Tuesday, January 29, 2008

Sad, but off base

Apparently a boy in Lee's Summit (the Kansas City side of Missouri) killed himself because he was being teased at school. This is sad, regretful, and I feel awful saying what I am about to say, but it needs to be said.

Like the 13 year-old girl locally who committed suicide because people made mean remarks to her via her MySpace page, we now have the boy who killed himself because the other kids at school were mean to him. Of course, his mother plans to sue the school. (Mind you if the public decides this is a silly suit, the lawyers will get blamed, not the member of the general public.)

Kids are vicious; anyone who survived grade school and high school can tell you that. Most of us get through it without suicide. Everyone should get through without feeling the need to kill themselves.

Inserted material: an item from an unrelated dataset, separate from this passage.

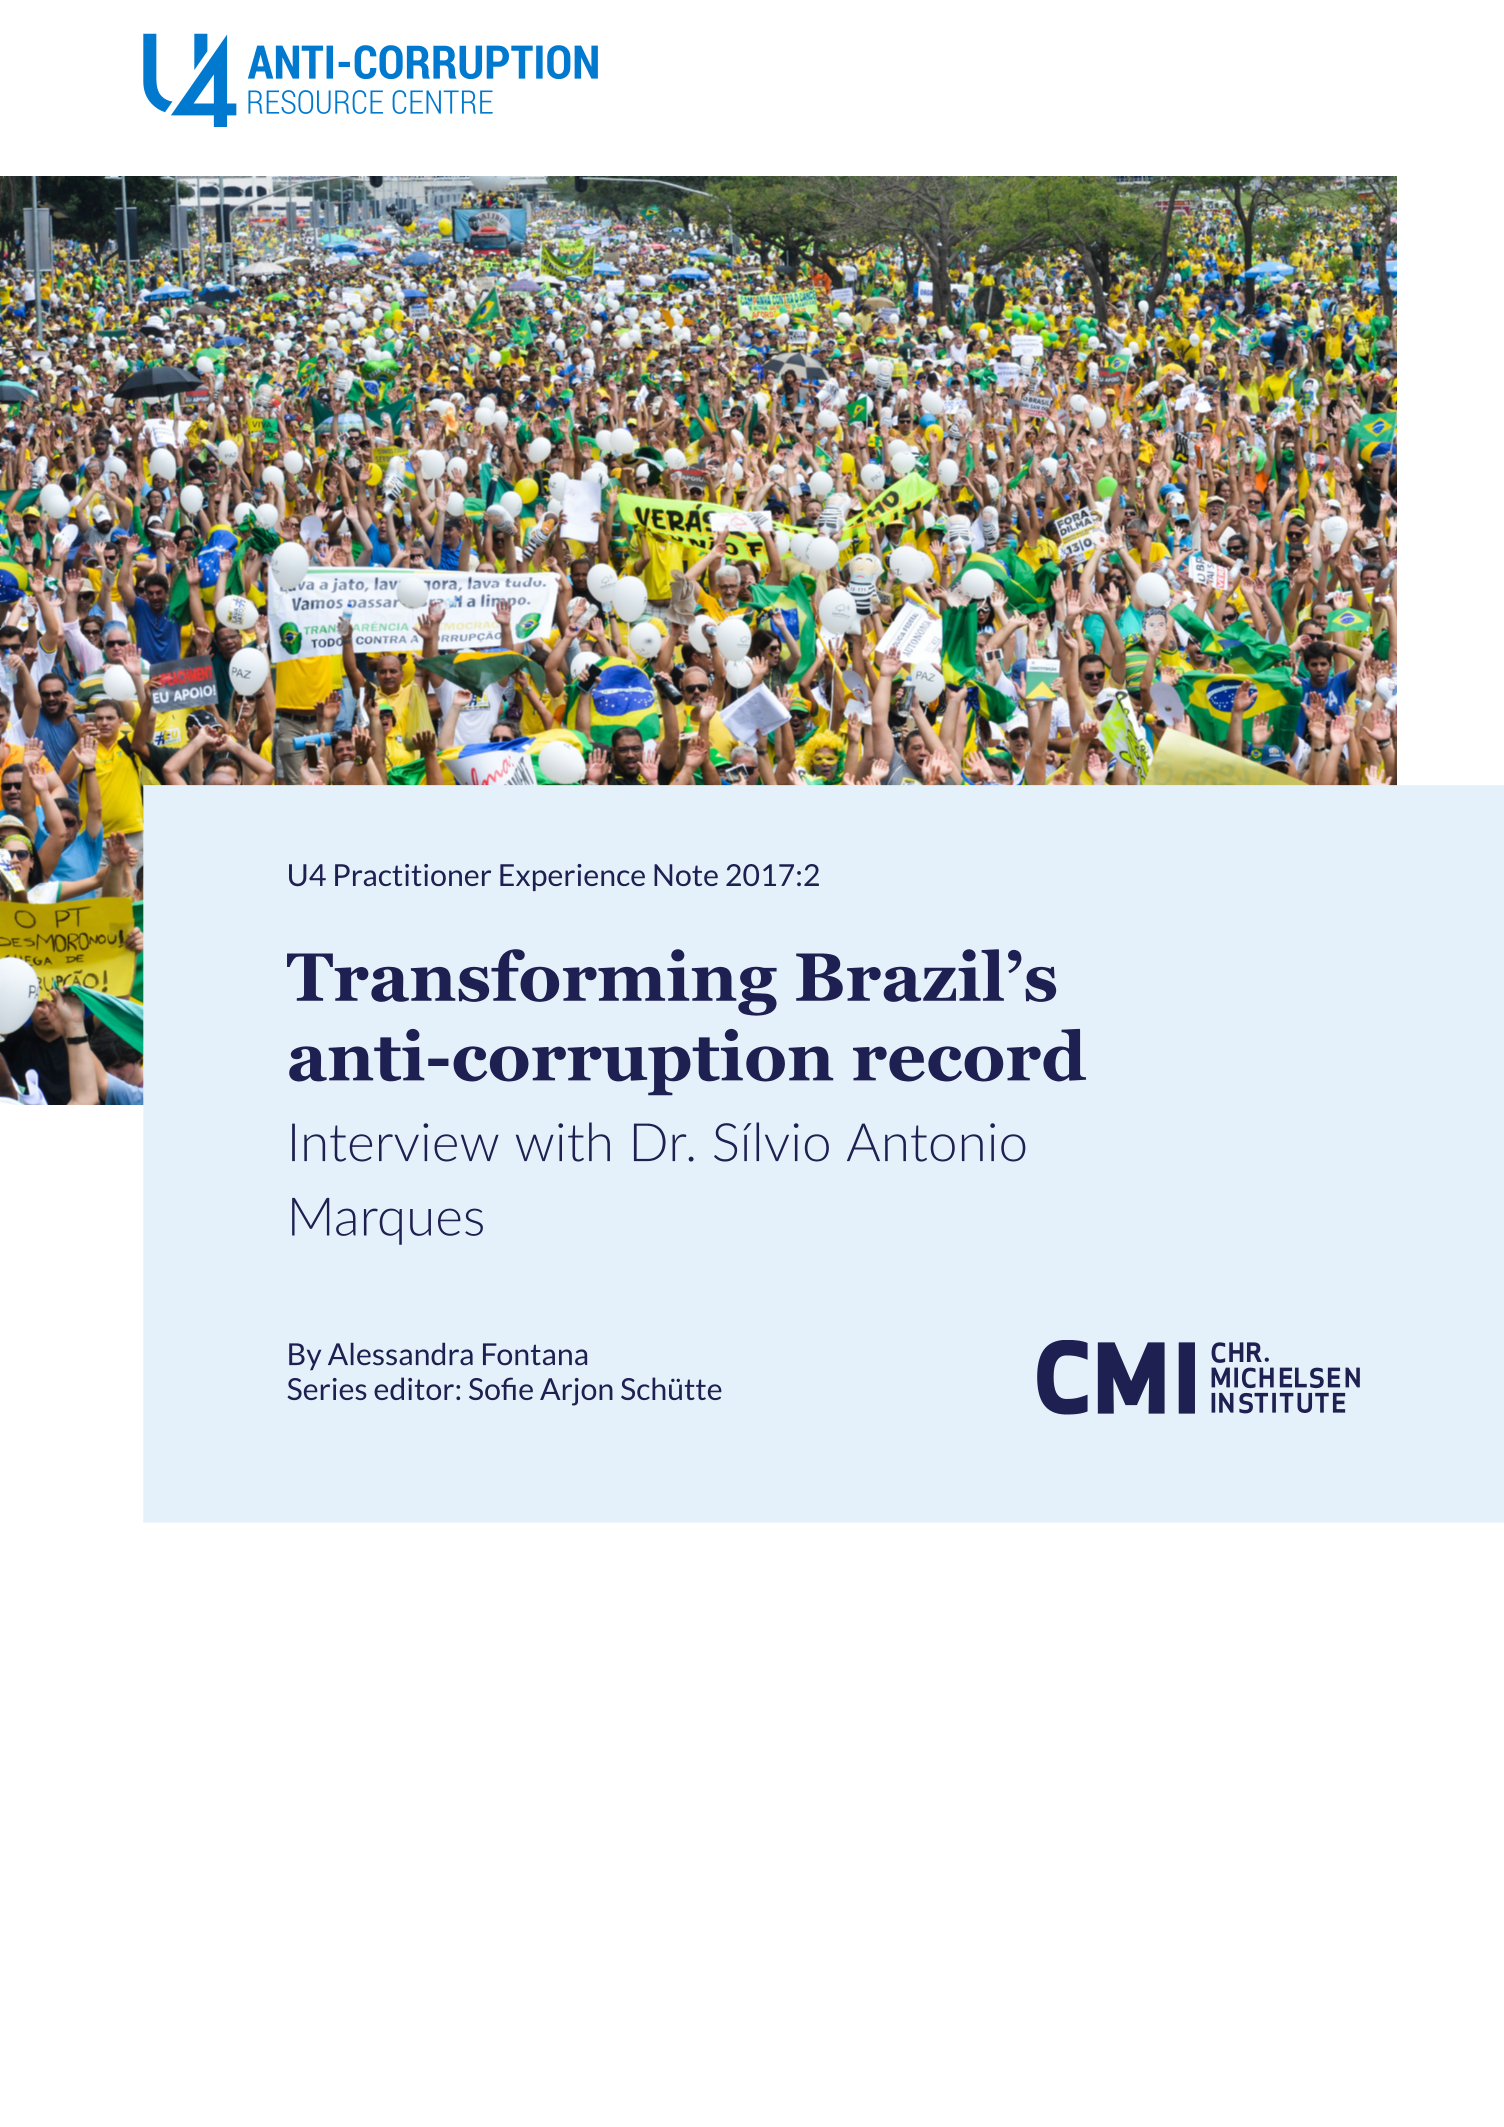 Transforming Brazil’s anti-corruption record

We can feel sad when a child dies for any reason, especially when it is suicide related, but this cannot blind us to the fact that the child in this case died merely because someone was too mean to him. In life, people will be mean to you. It happens and people need to be able to deal with it.

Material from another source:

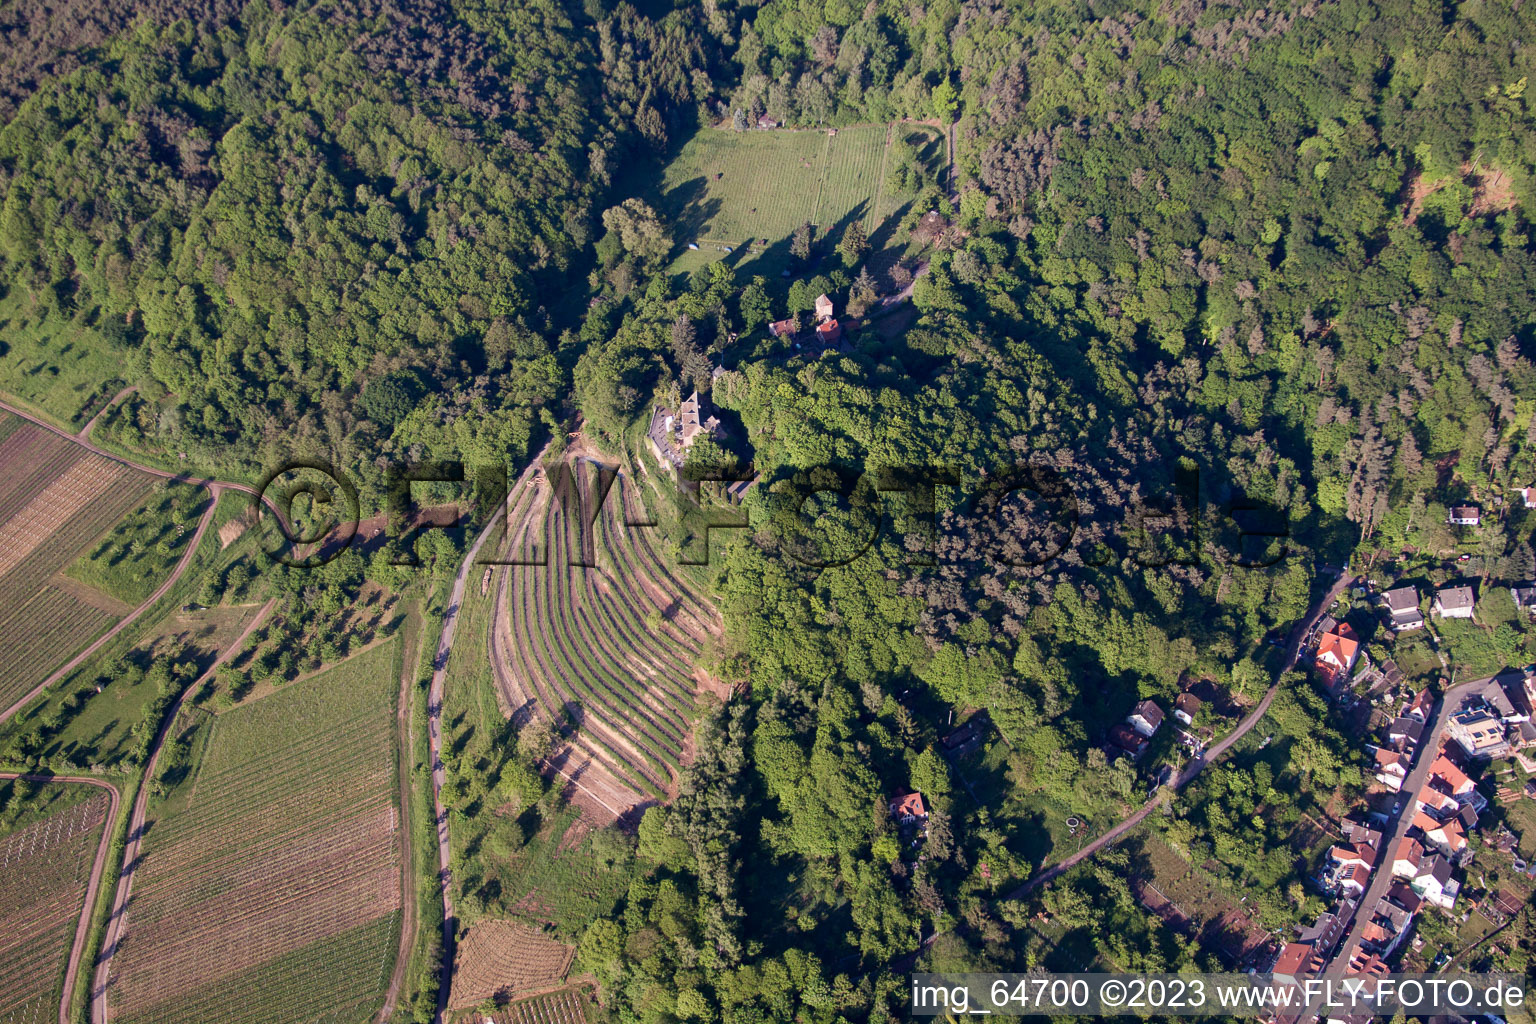 Sankt Martin dans le département Rhénanie-Palatinat, Allemagne d'un drone

In blaming the "them," (whether "them" is the evil, demon-possessed, other kids who did the "being mean" or the "teasing;" or whether "them" is the school which allegedly should have seen this coming and stopped it somehow, probably by creating the Biblical scale miracle of having kinds not torment the weaker, less popular, other kid); we allow ourselves to ignore any fault on the part of the child who is dead. After all, it seems cruel to us to blame the dead, especially when the dead is a child. Likewise, it seems cruel to blame the parents who we know must be mourning for the child. So we look elsewhere, because a tragedy like this makes us want to blame someone. Yet, logically if, as the parents are quoted on CNN, the school should have seen the problem and read the warning signs (and I'm certainly not saying the school is innocent), how much more true must this be of the parents? If the child had problems at home, how is this something that can be laid at the feet of the school? The school does not replace the parents and in the end, the buck stops with the parents. Of course, the parents can't emotionally admit fault and so, they blame the school. Human nature.

The bottom line is that no one should take their own life just because someone else was mean to them. The person who made the conscious choice, however young they may be, is the one who could have stopped the incident from happening, should have stopped it from happening. That person ALONE is most at fault for the (usually) fundamentally selfish act of suicide, and therein, however tragic, lies the blame.

My final thought is this. Let he who is without sin cast the first stone, and let the person who never tormented anyone, was never mean to another kid, who never made another miserable during their entire K-12 experience be the one to cast this first stone. Before you blame the school or the mean other kids, look in the mirror. Take a long, hard, look. How many can say it was never I?